BEGIN RECORDED INFORMATION

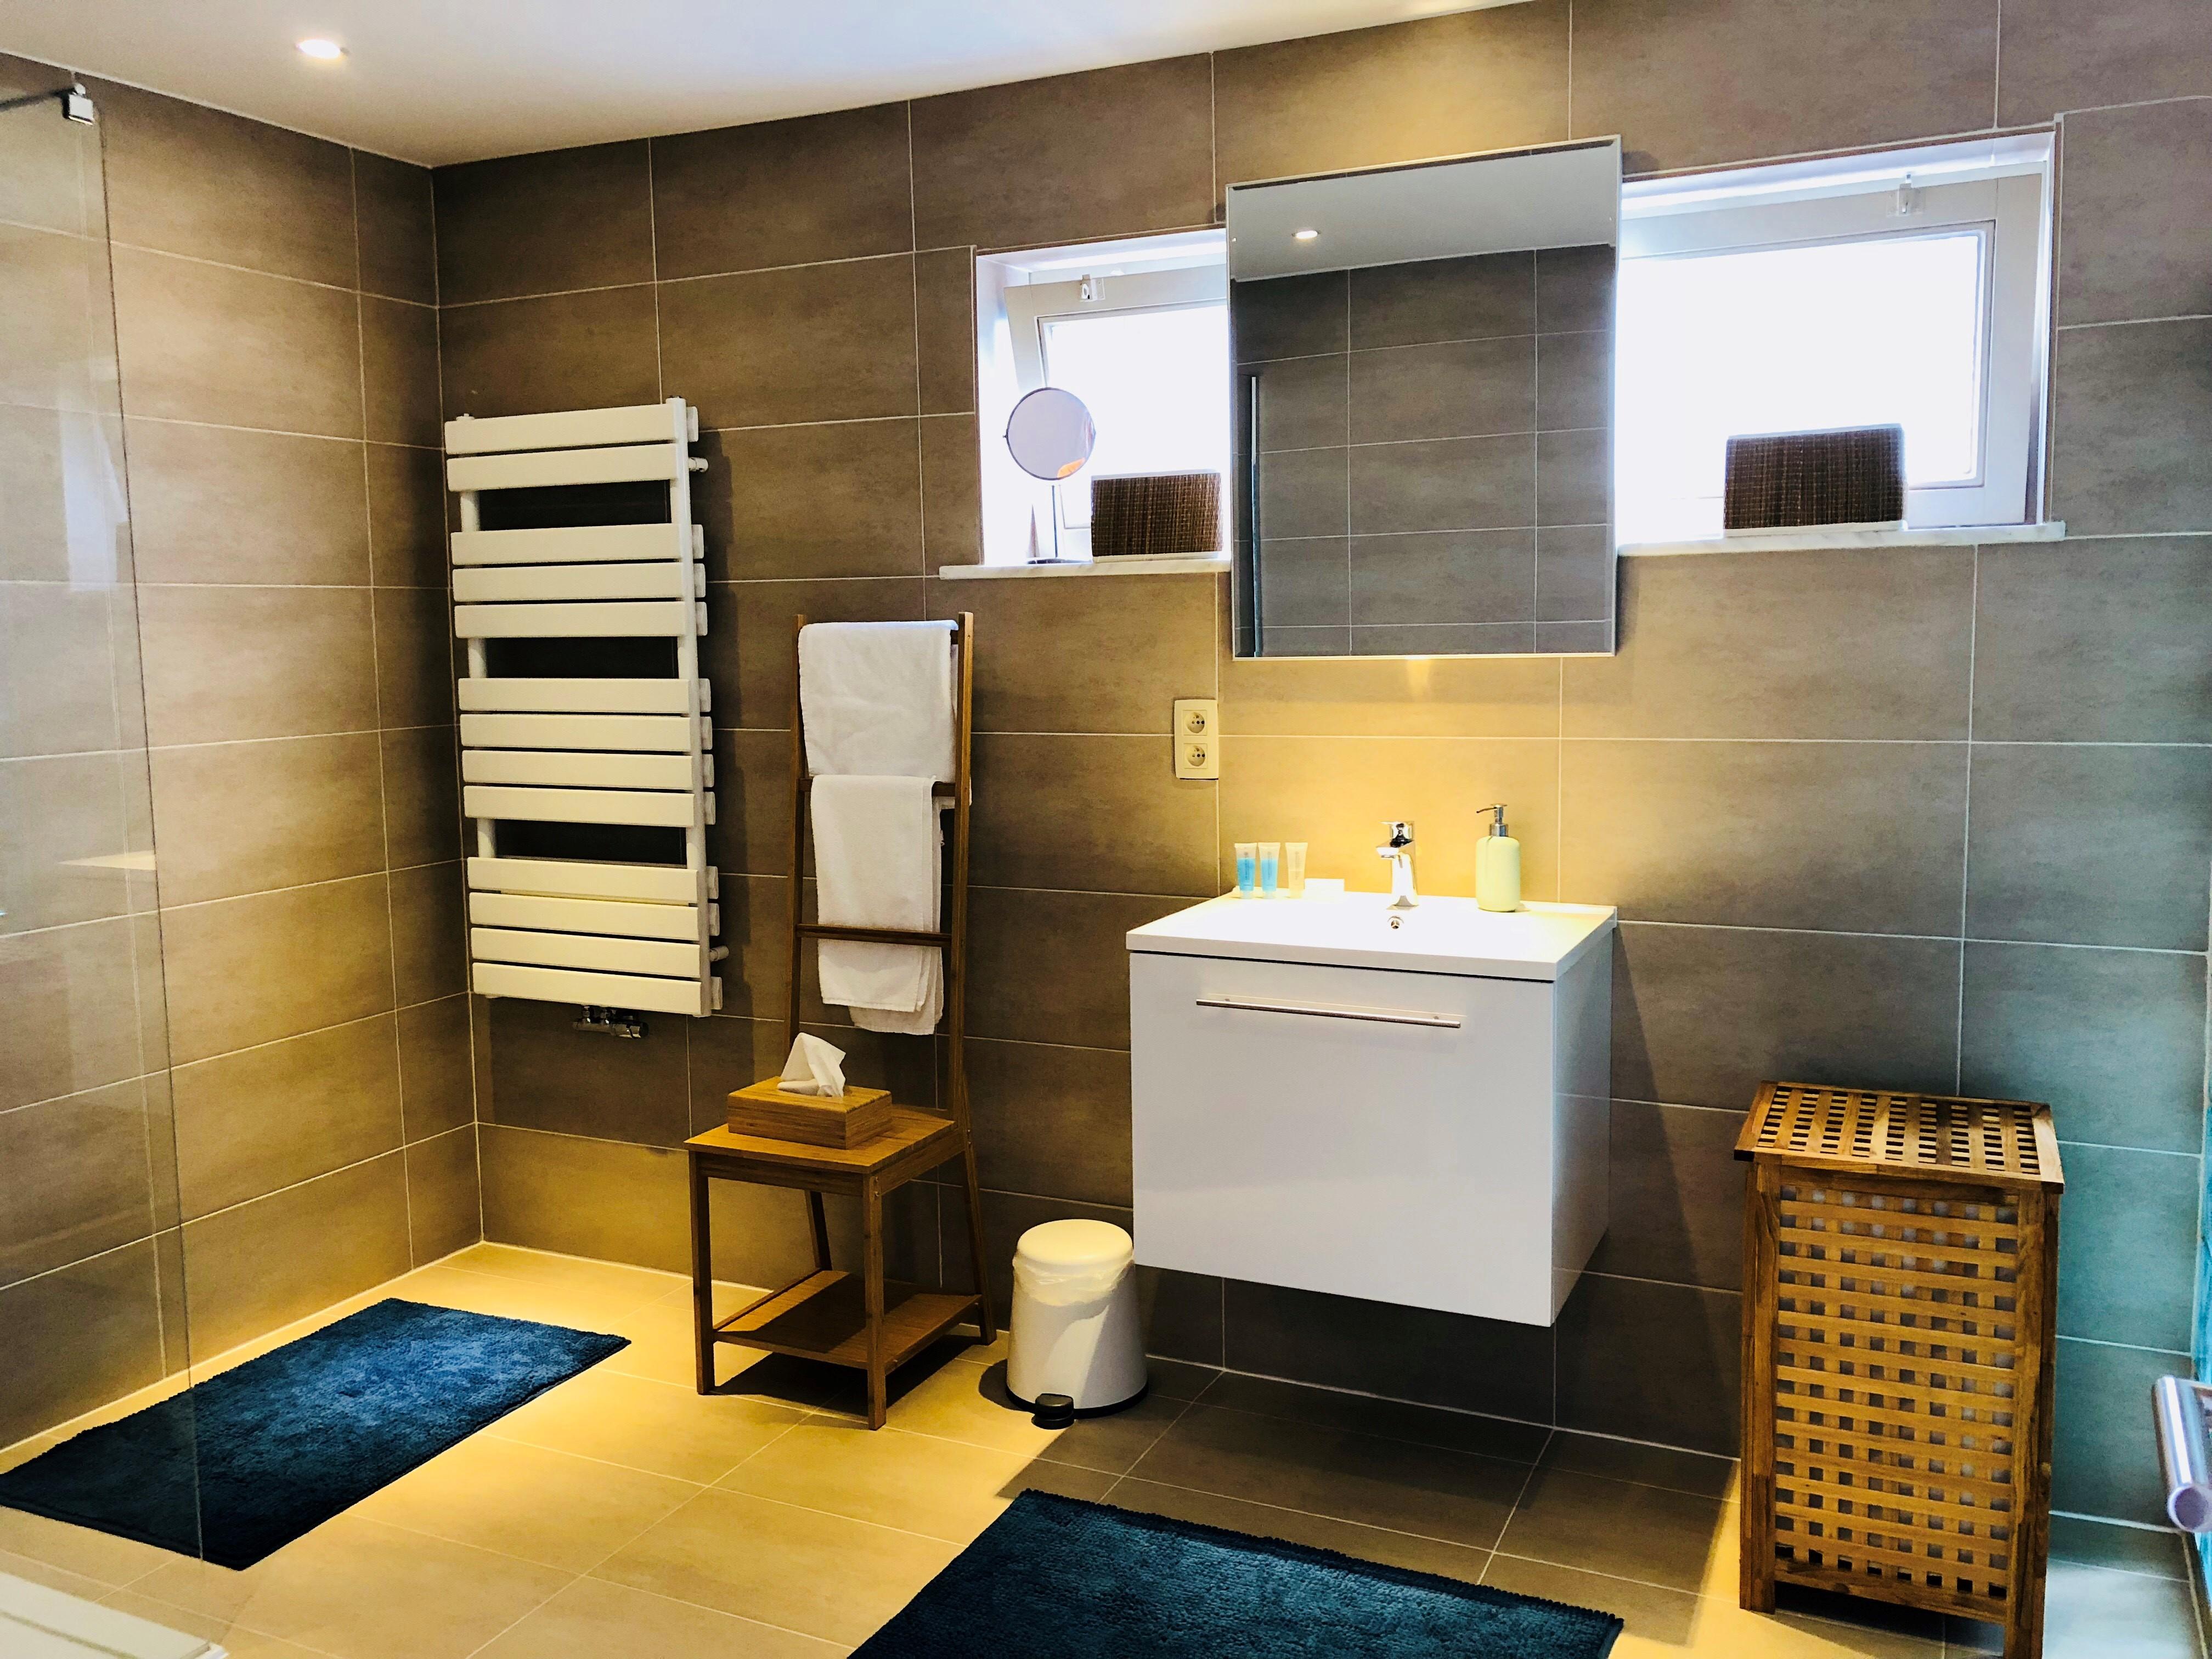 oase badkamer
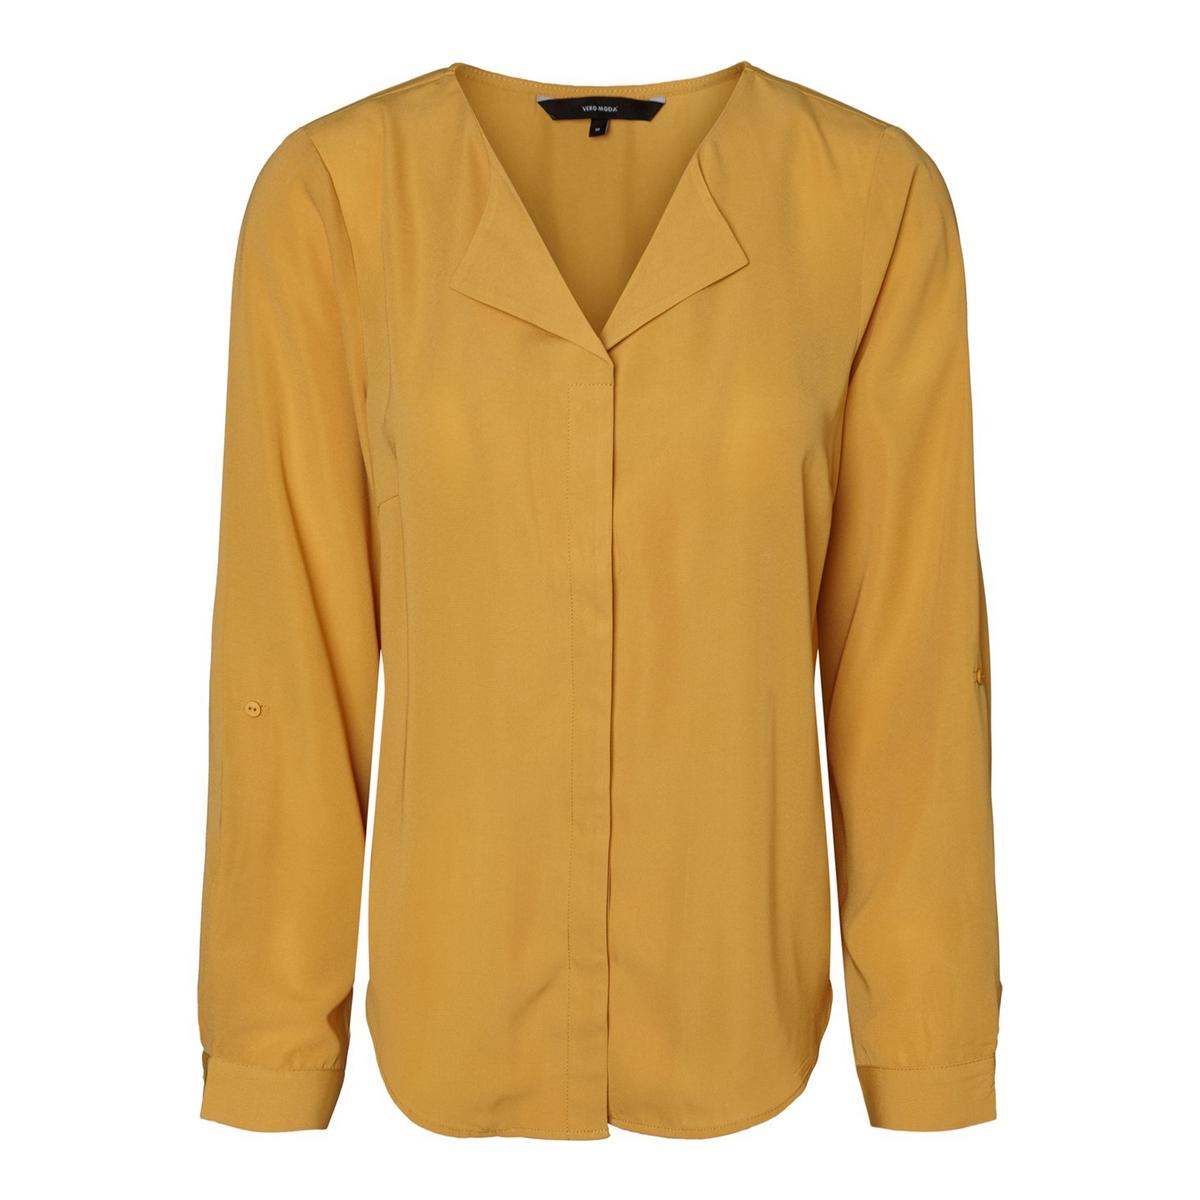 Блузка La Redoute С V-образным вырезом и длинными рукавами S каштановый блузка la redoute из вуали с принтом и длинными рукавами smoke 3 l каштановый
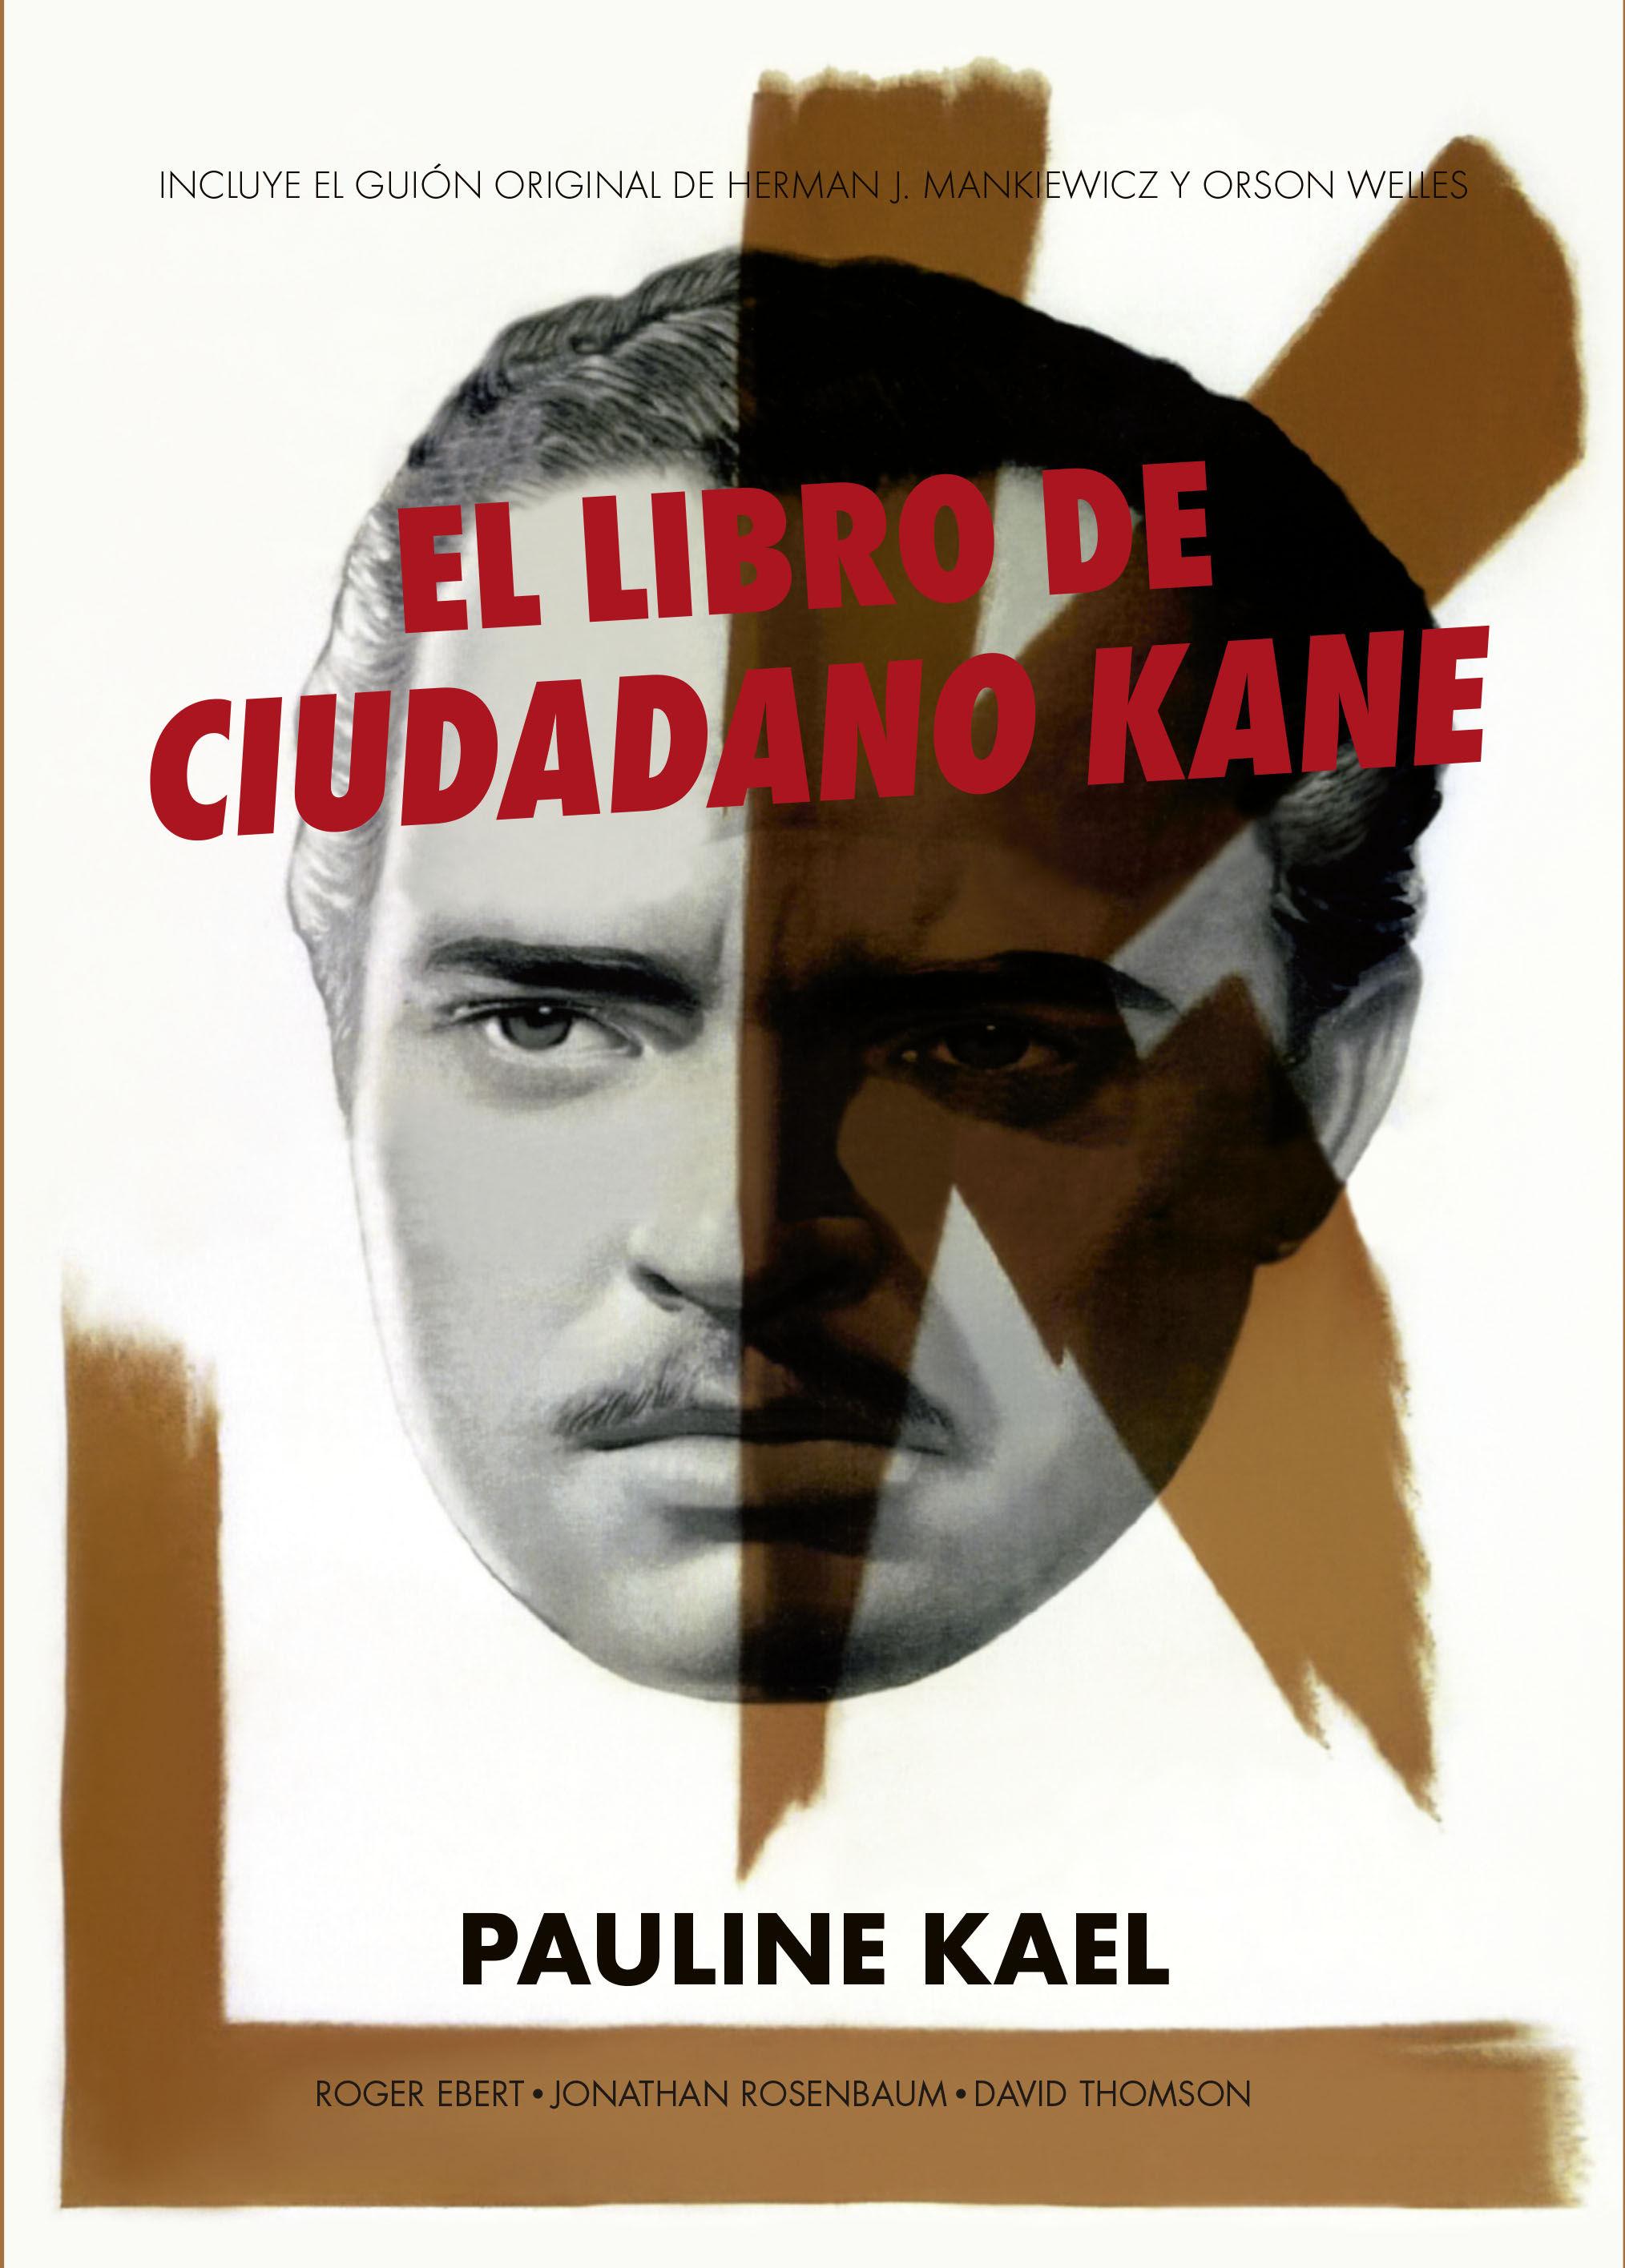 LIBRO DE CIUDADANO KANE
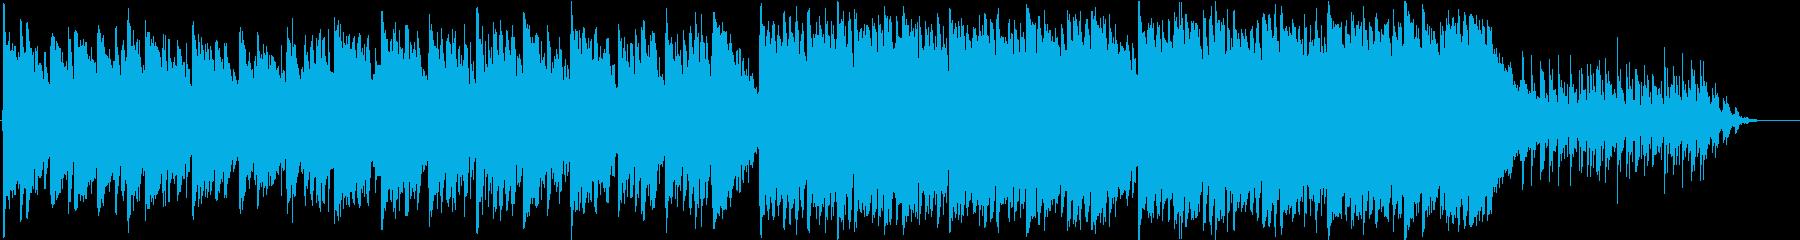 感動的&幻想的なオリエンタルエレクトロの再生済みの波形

END RECORDED INFORMATION

Your reply should consist of the data, transcribed exactly, and should hold no pictures.

 oase badkamer
 Блузка La Redoute С V-образным вырезом и длинными рукавами S каштановый блузка la redoute из вуали с принтом и длинными рукавами smoke 3 l каштановый
 LIBRO DE CIUDADANO KANE
 感動的&幻想的なオリエンタルエレクトロの再生済みの波形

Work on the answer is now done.